The new public perspective looks into automaton use for "public good" purposes; for example, calamity reaction is more well-known than is usually expected. Sakiyama et al. in a 2016 national online review discovered 94% of help for the utilization of automatons by the local authorities to salvage humanitarian situations and to help in disaster management in various parts of the world (Morris & Chander, 2018). A 2017 popular opinion review discovered particularly substantial open support for MH-60 Seahawk use for firefighting, search and salvage, and protection purposes, while respondents were bound to restrict operations on the land, business, and pastime purposes (Morris & Chander, 2018). Different analysts have discovered that open help for UAVs use was anticipated by the automaton's apparent reason, and not by message encircling or by the UAV end-client, themselves.

The up-close and personal communications watched and depicted by interviewees likely prompted the networks' recognition of UAVs were for "open acceptable" purposes. One interviewee underlined the significance of "straightforwardness" in-network commitment work. To incorporate this, his group would "answer questions, converse with individuals; give them what they're doing” (Morris & Chander, 2018). During the contextual analysis, specialists watched a local occupant demand the UAV group photo her home, which the specialist eagerly did. While a respondent noticed these associations could give "conclusion for the network" or grant individuals to check whether the group "despite everything had a house," the accessibility and straightforwardness of the automaton pilots likely diminished network individuals' impression of compromised security (Morris & Chander, 2018).

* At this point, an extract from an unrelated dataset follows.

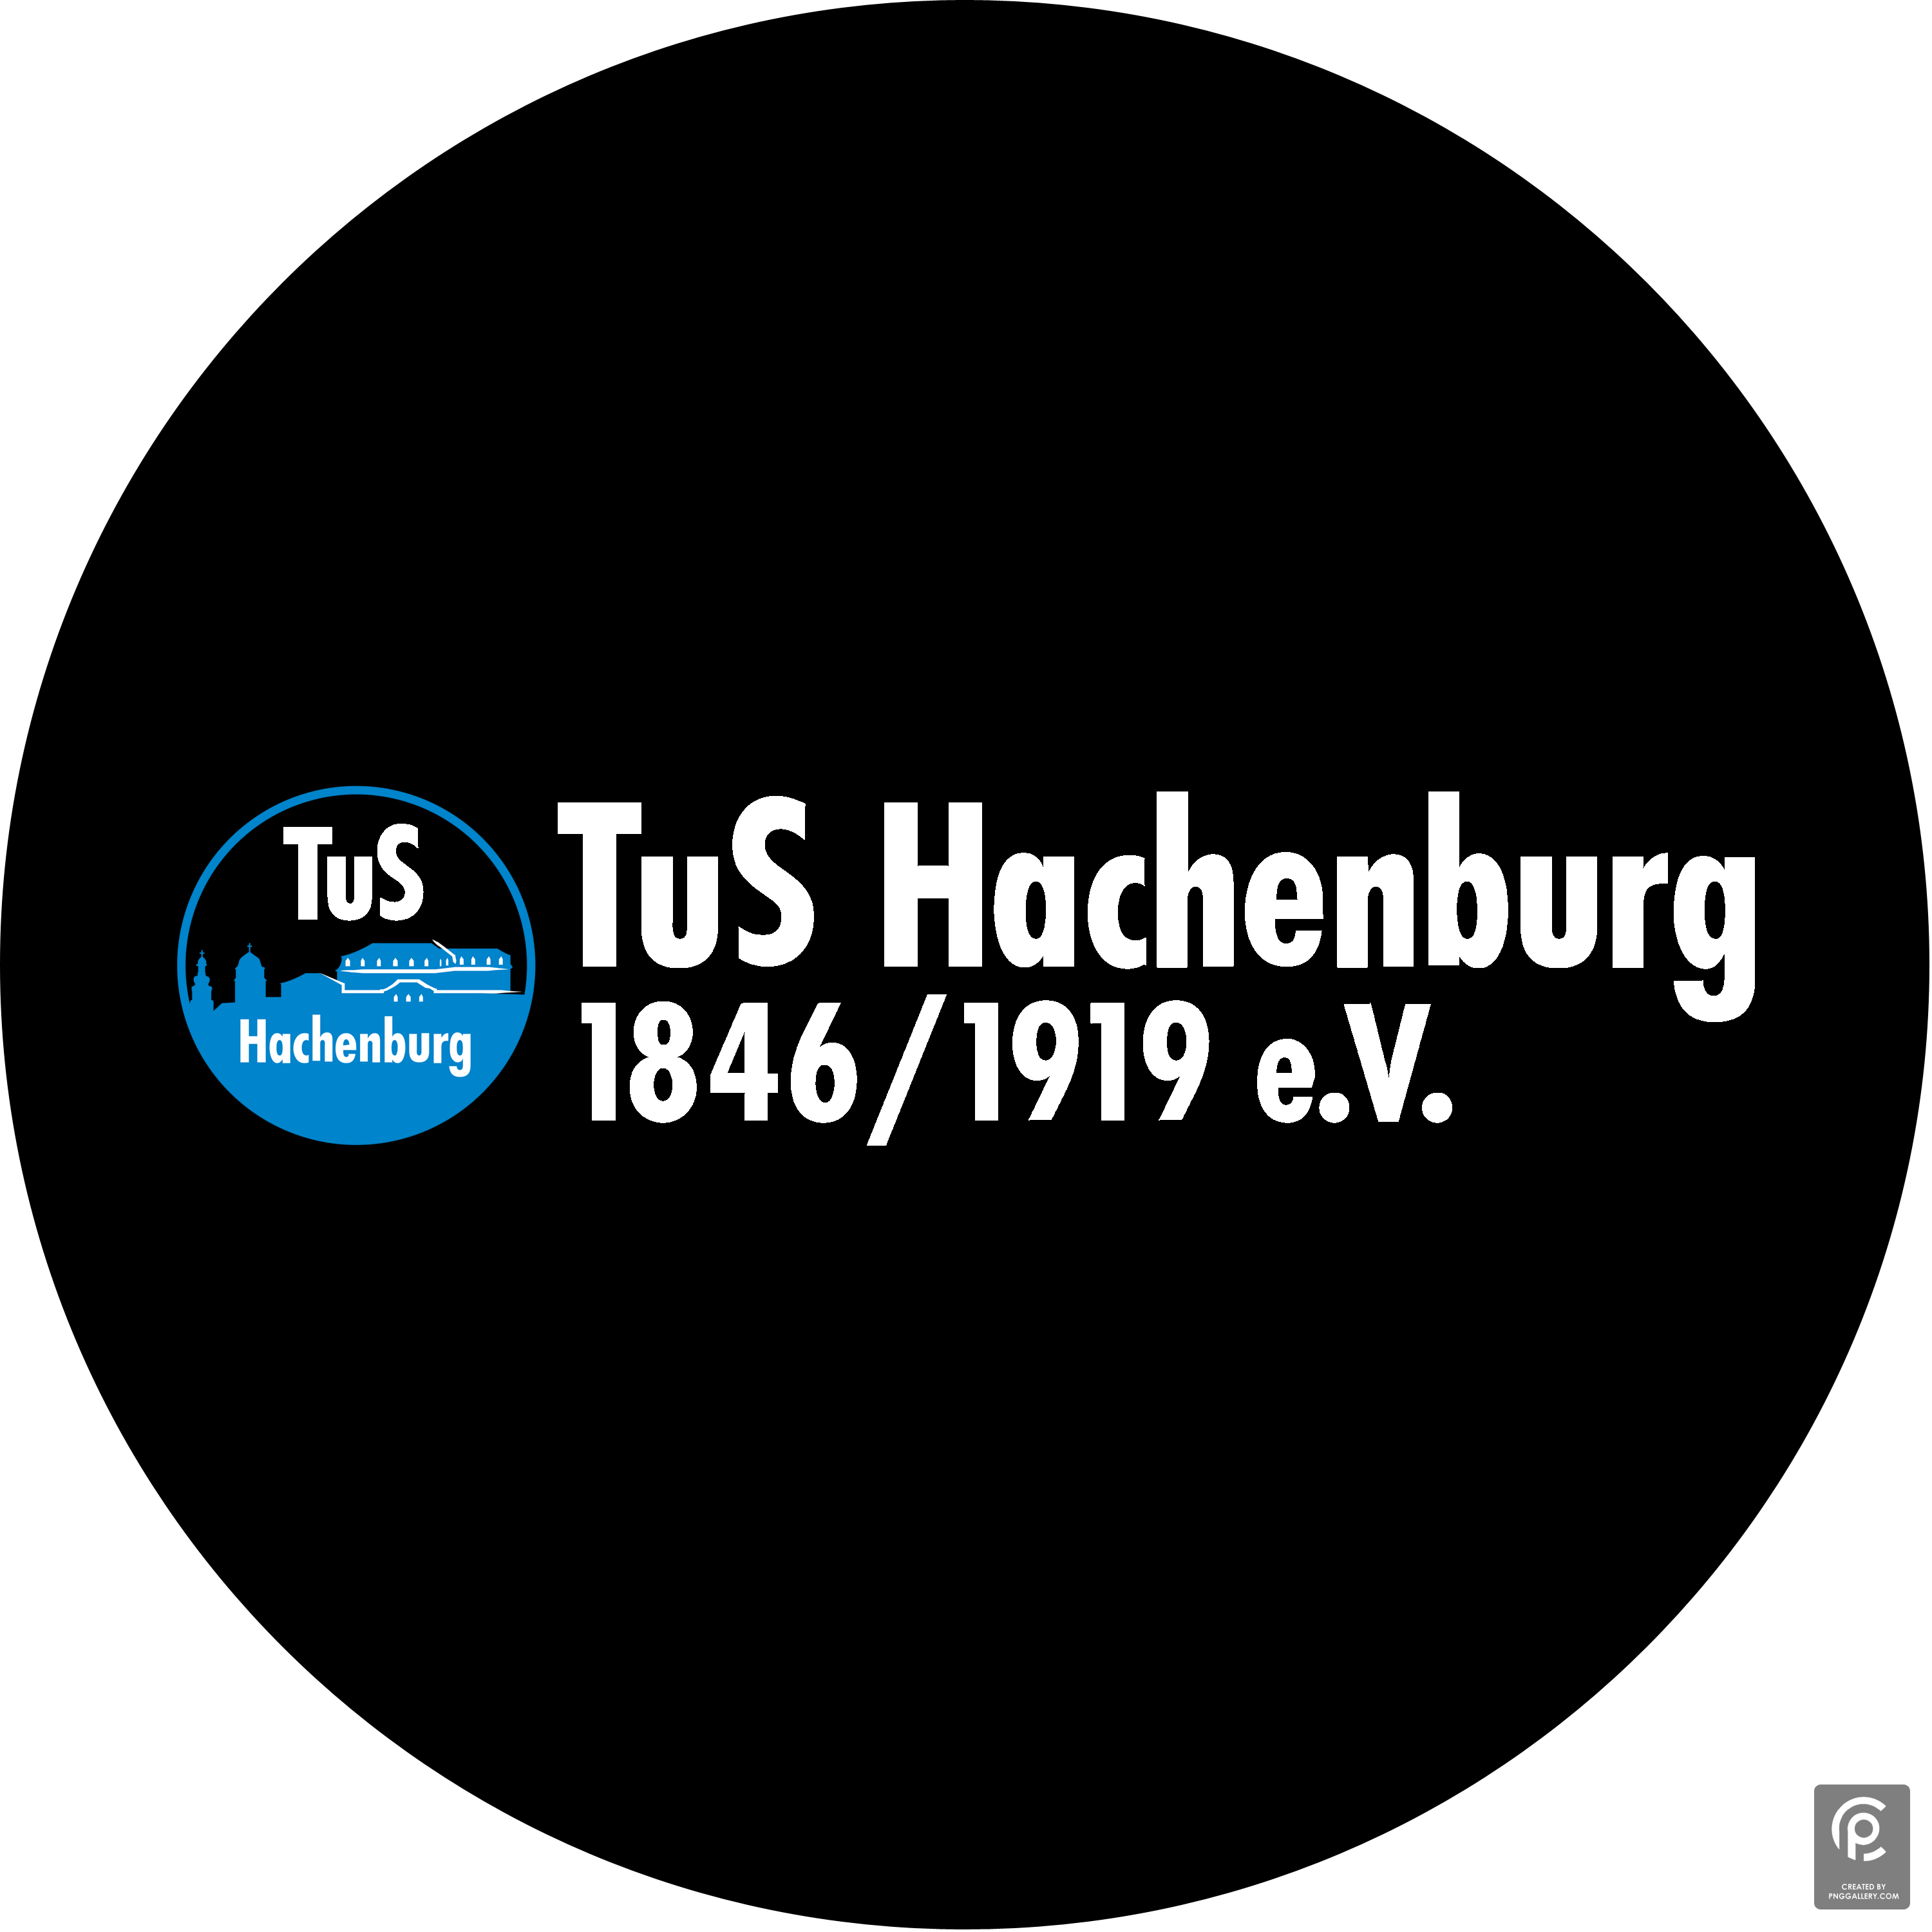 Tus Hachenburg Logo 2022 Transparent Clipart

An ongoing Danish research venture found network individuals' impression of security unsettling influence from rambles was connected to the researcher’s capacity to check who was flying it, and for what reason (Skaarup, 2012).

Conclusion

In summary, this study explored the increased use of UAVs and accurately evaluated the effectiveness of the Northrop Grumman MQ-8B Fire Scout in providing humanitarian aid after natural disasters have occurred. The ability to utilize the MQ-8B was analyzed by determining its ability to conduct humanitarian aid missions in areas affected by natural disasters largely inaccessible using traditional methods. The focal point of this exploration was to expansively review the capacity of the Northrop Grumman MQ-8B Fire Scout to enlarge important guide tasks for relieving death toll after catastrophic events. The examination delineated the setback paces of the MQ-8B contrasted with the MH-60. It examined how the Fire Scout can be utilized commonly for military activities, to its ability for provisioning humanitarian aid.

The significant innovative advancements have prompted improved UAVs that can participate in progressively fragile and complex missions. The utilization of cutting-edge electronic controlling frameworks, better radio frameworks, high-goals electronic cameras, complex P.C.s, and progressed worldwide setting structures global positioning systems permit UAVs to direct recuperation missions viably during catastrophic events. The nature of UAVs altogether expanded during the 2000s. The military currently utilizes UAVs, however, by private firms, and by singular proprietor administrators. The presentation of current technology permits UAVs to serve as a compassionate guide in territories influenced by catastrophic events.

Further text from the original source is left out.